Folge: Die Reviere müssen neu ausgeschrieben werden. Das kann dauern. Bis dahin liegen die Reviere brach. Von dem Urteil des Verwaltungsgerichts ist nicht nur der Verein in Thalwil betroffen. Da Gerichtsentscheide allgemeingültigen Charakter haben, sind kantonsweit alle Pachten in Gefahr, die im Herbst 2009 an Vereine abgegeben wurden. Die Bewerbungen der Vereine wären alle ungültig, die Reviere würden neu ausgeschrieben.

Für die Vereine hätte der Verlust ihrer Reviere drastische Konsequenzen. Schliesslich bezahlen die Mitglieder Jahresbeiträge, um an bestimmten Gewässerabschnitten fischen zu können. Die Fischereikarten sind bereits verteilt. Kann nicht gefischt werden, müssten die Vereine den Mitgliederbeitrag zurückerstatten. «In diesem Fall kämen wohl viele Vereine in existenzielle Nöte», sagt Rolf Schatz. Kritische Fragen muss sich bei diesem drohenden Fiasko die Fischerei- und Jagdverwaltung gefallen lassen, namentlich Amtsleiter Urs Philipp.

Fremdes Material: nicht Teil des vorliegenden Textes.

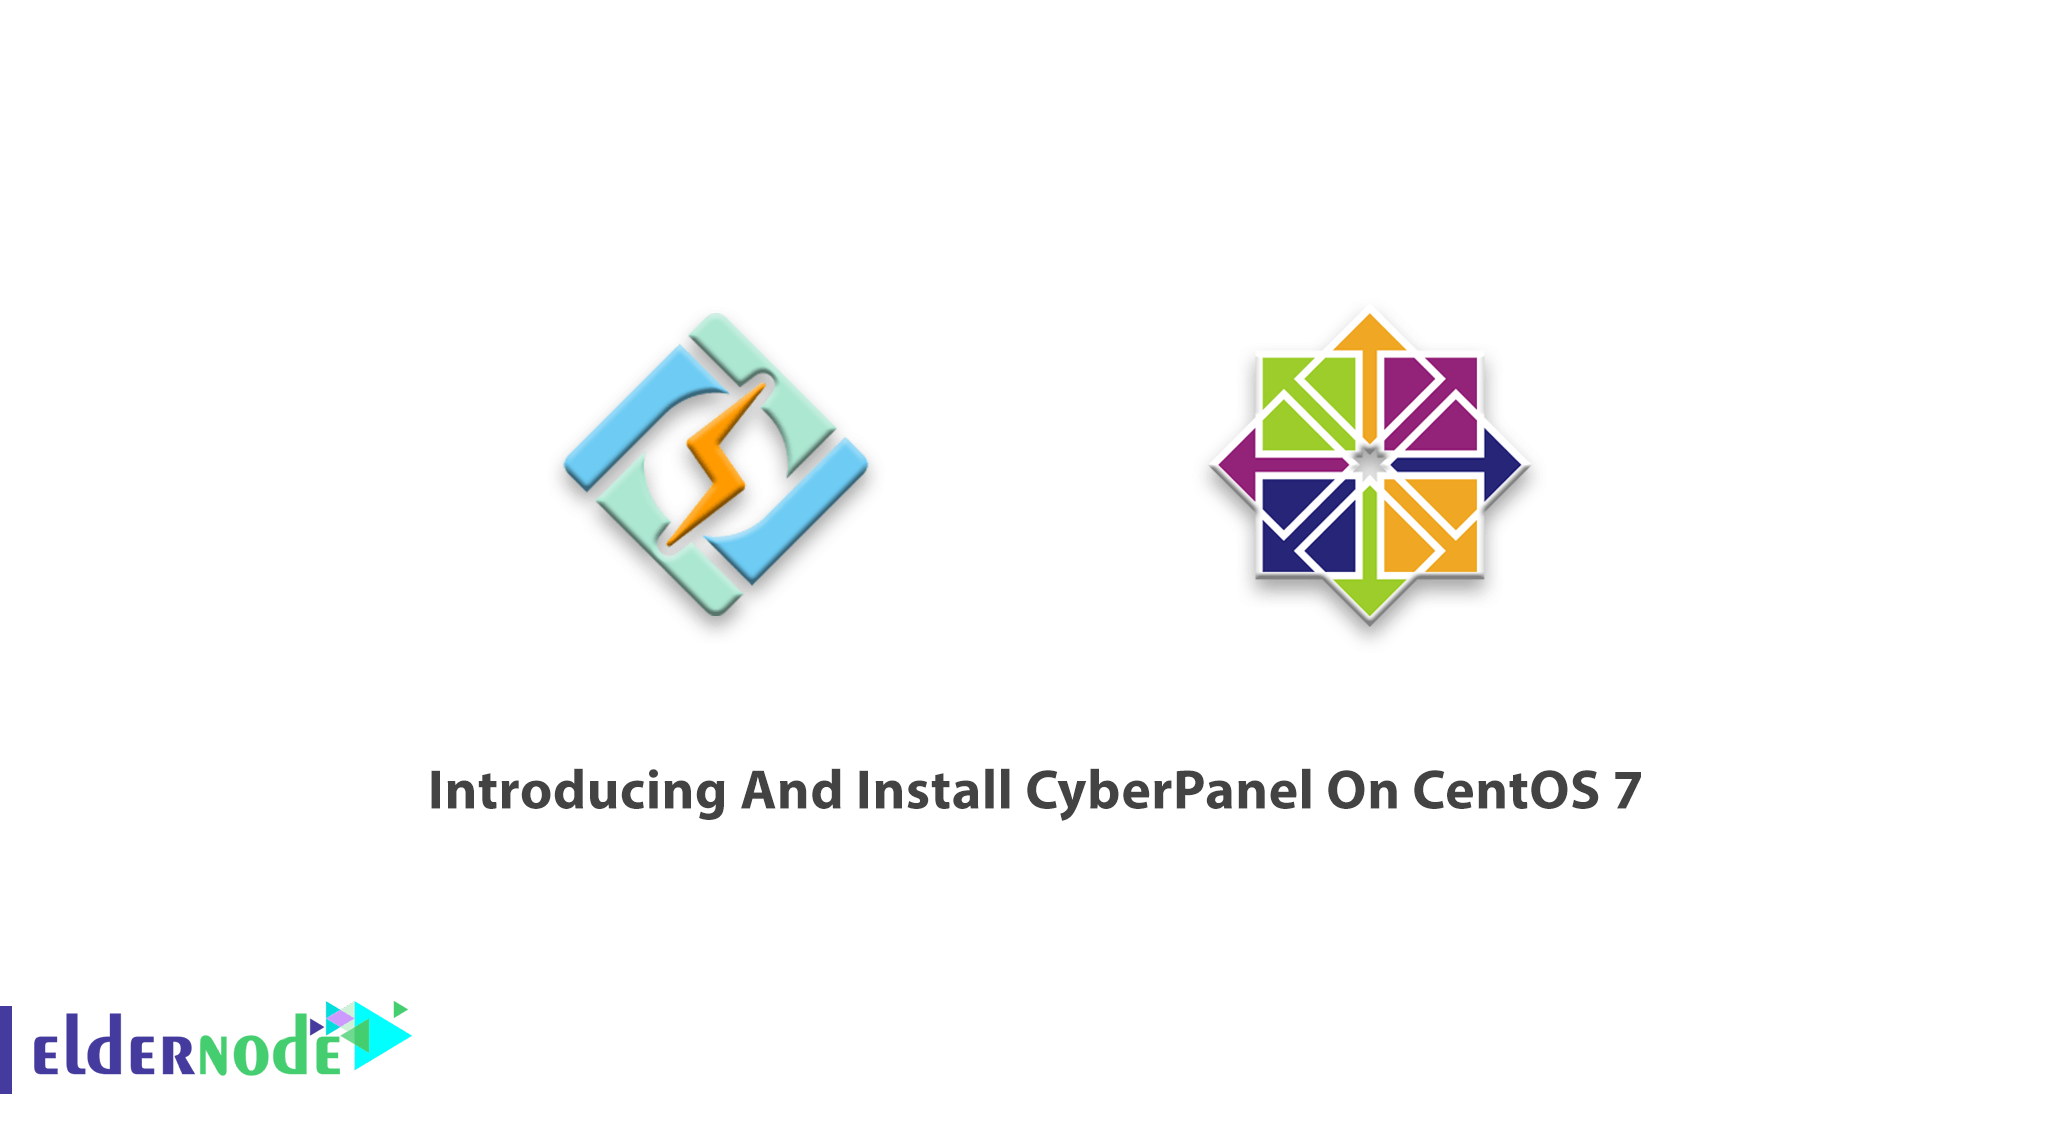 Introducing And Install CyberPanel On CentOS 7

Trotz Warnhinweisen von Vereinsvertretern unterliess es das Amt, die Vergabekriterien bei der Pacht gesetzlich zu definieren. Dies deshalb, weil das auf politischem Weg, also im Kantonsrat, hätte geschehen müssen. Man wollte die Vereine unbedingt noch bei der Pachtvergabe 2009 zulassen. Das entpuppt sich nun als Fehler. «Wäre das damals juristisch sauber gemacht worden, gäbe es diese Probleme nicht», sagt Rolf Schatz. In dieser Sache sei nun auch der zuständige Regierungsrat Markus Kägi (SVP) gefordert. Amtsleiter Philipp war für eine Stellungnahme nicht erreichbar.

Heute im Kantonsrat

Wegen der Pachtprobleme ist die Fischerei im Kanton Zürich zum Politikum geworden. Andreas Federer (CVP, Thalwil) reichte kürzlich im Kantonsrat ein Postulat ein, unterzeichnet von den Fraktionen von CVP, GLP und SP. Darin wird Klarheit über das Pachtsystem verlangt – und eine Offenlegung der Resultate der Pachtvergaberunde 2009. Das Postulat dürfte heute im Rat zur Diskussion kommen.